Antioxidants act as free radical scavengers (deactivators of reactive oxygen and nitrogen species), inhibitors of lipid peroxidation and ‘DNA’ oxidation, among other functions. Although free radicals are naturally generated by the human body and are involved in critical metabolic processes [4], the excessive production of these free radicals favors a homeostatic imbalance known as oxidative stress, which causes damage to essential biomolecules and is associated with inflammatory processes and chronic diseases [5]. Therefore, antioxidant compounds are of great importance to the food and pharmaceutical industries and can be applied in product quality control and conservation [6].
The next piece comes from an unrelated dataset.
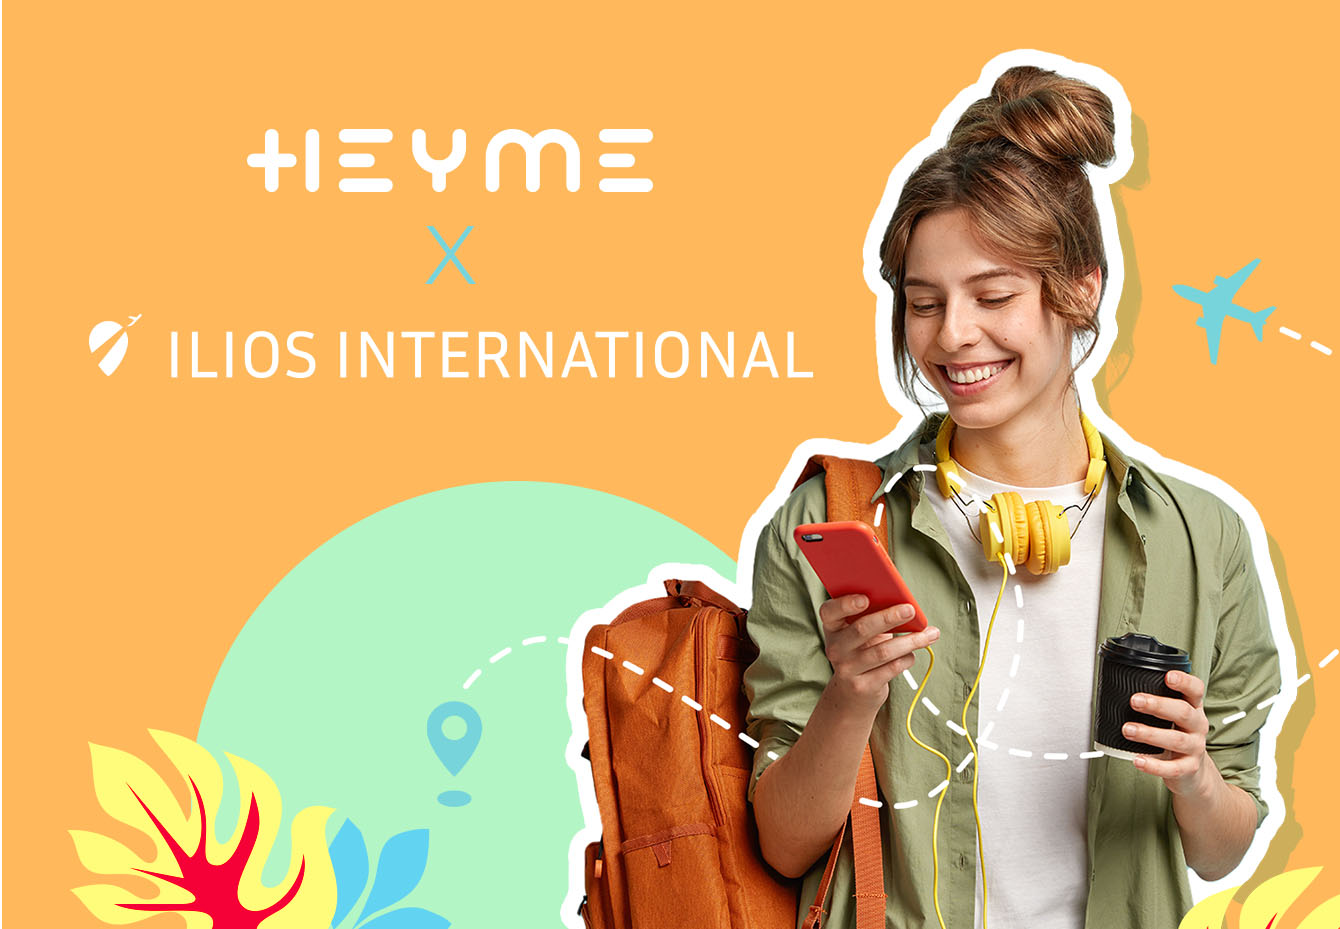 HEYME & Ilios : tes alliés pour des voyages sans tracas - Heyme

After highlighting their importance, it is vital that the antioxidant capacity of natural sources be evaluated as they may assist in designing novel foods with better health potential [7]. Thus, there are several ways to assess the antioxidant activity of a given substance, ranging from chemical tests using lipid substrates to more sophisticated assays using a wide range of instrumental techniques [8]. However, electrochemical methods are widely used to quantify antioxidant compounds due to their high selectivity and sensitivity; along with these characteristics, electrochemistry offers fast and low-cost analyses [9].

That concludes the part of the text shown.